Keagan Anfuso, a woman and creator who just happens to feel comfortable rocking loose fitting clothes and a “boyish” haircut, copied these quotes from memory onto index cards. In preparation to pitch their film, co-director Drew Brown suggested Keagan write down all the comments she could remember: anything funny, hurtful, or outright confusing someone has said to her about her gender or appearance. She passed these index cards to Drew, who taped them to the office walls. Card by card, blank space filled with words Keagan herself was unaware she’d held onto, words said to her by family, friends, strangers, and, reading the cards back they realized, Drew himself.
“Oh my god. I’m the person who said this to you. I thought it was a compliment.”
It was in this office, confronted visually with others’ judgement and misunderstanding of her, Keagan felt the weight of what she was setting out to create, felt that she and Drew were doing something important.
Over the next five days Keagan and Drew pitched their film, The Grey Area, at One Spark, a since discontinued local idea festival for creators. Their film would be about Keagan’s experiences as a woman who rejects the gendered expectations placed upon her.
Attendees listened to Keagan’s past: how she was reprimanded, bullied by classmates, and constantly met with aggression for dressing in what feels comfortable to her. In these stories, they saw themselves and the ways in which fear of judgement or even safety led them to change themselves. As the festival progressed, The Grey Area crowd grew, ultimately winning the pitchfest as the jury’s award selection for the art category.
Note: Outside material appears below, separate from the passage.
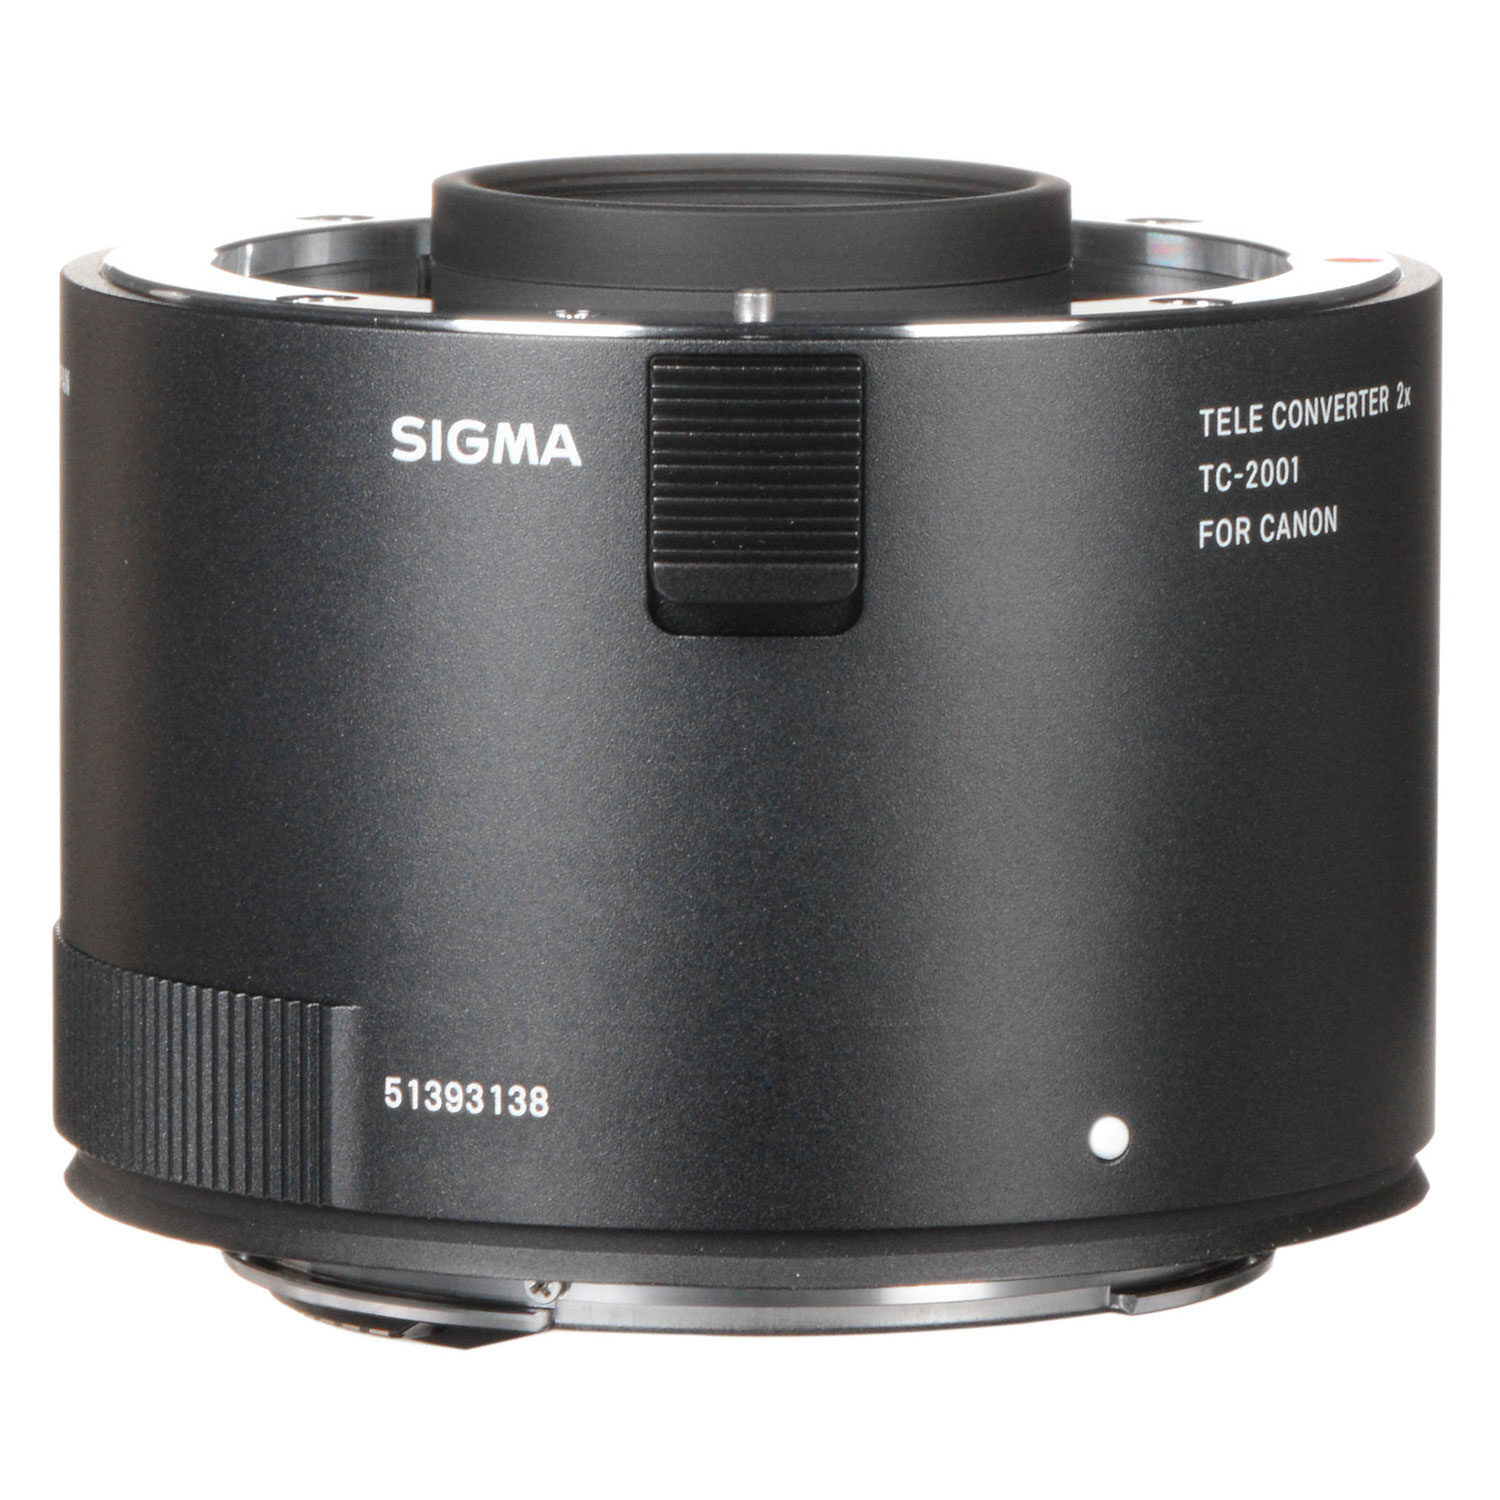 Sigma Tele Converter TC-2001 Canon
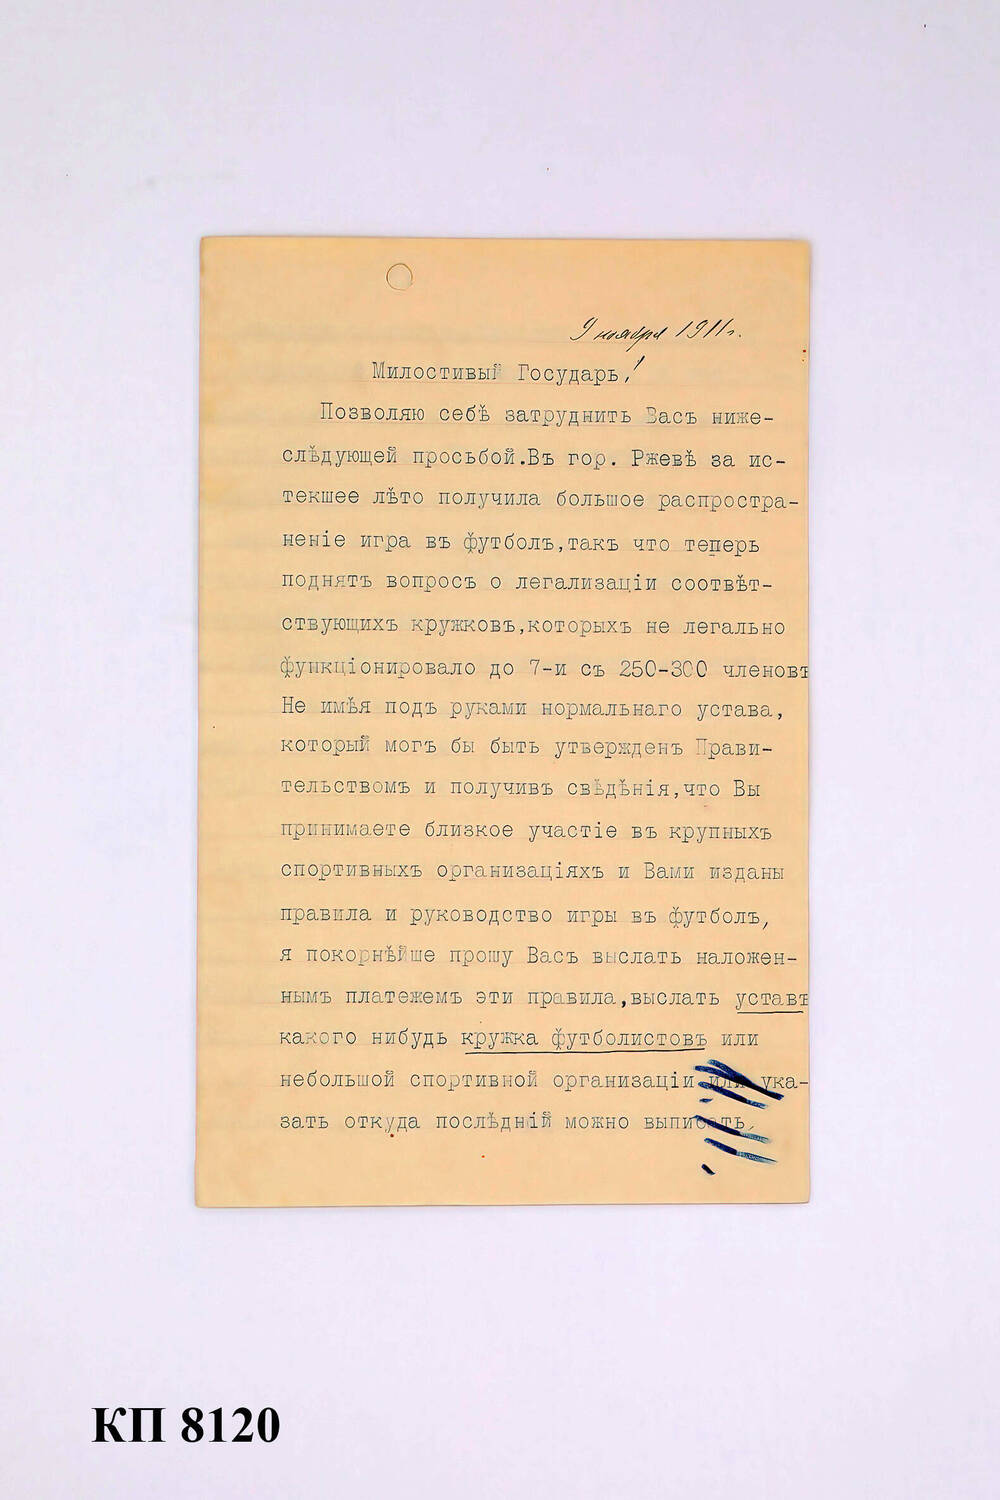 Письмо о нормативных документах по организации футбольного кружка в г. Ржев, 9 ноября 1911 г.

That was in 2015. The film, seven years in the making, had its first showing recently at the Jacksonville Film Festival, where it took home Best Short Documentary. Good things take time. And good things take good people wanting to make them happen. Without the Jacksonville community, Keagan says “I don’t think we could’ve made this film what it is.” Some volunteered money, the local film community volunteered their time and expertise, and businesses volunteered their spaces and sustenance. Without any of which, the film wouldn’t have been made.
The film’s positive reception is due in large part to calculated choices Keagan and Drew made. The Grey Area is void of any political commentary and doesn’t include the traditional story arc. Instead, it’s simply a perspective film, aimed at making the audience feel as though all of Keagan’s experiences are happening to them.
Keagan received some pushback when sharing this concept with others. Other film makers said viewers would be uncomfortable when confronted with “awkward” and “ugly” close up shots of actors reciting those hurtful messages Keagan had written down on index cards. Her response, “it’s supposed to be uncomfortable. People aren’t going to like it.” With the singular focus on influencing the audience’s feelings instead of building a satisfying plotline or convincing viewers of any political beliefs, the film is effective in inciting empathy and understanding.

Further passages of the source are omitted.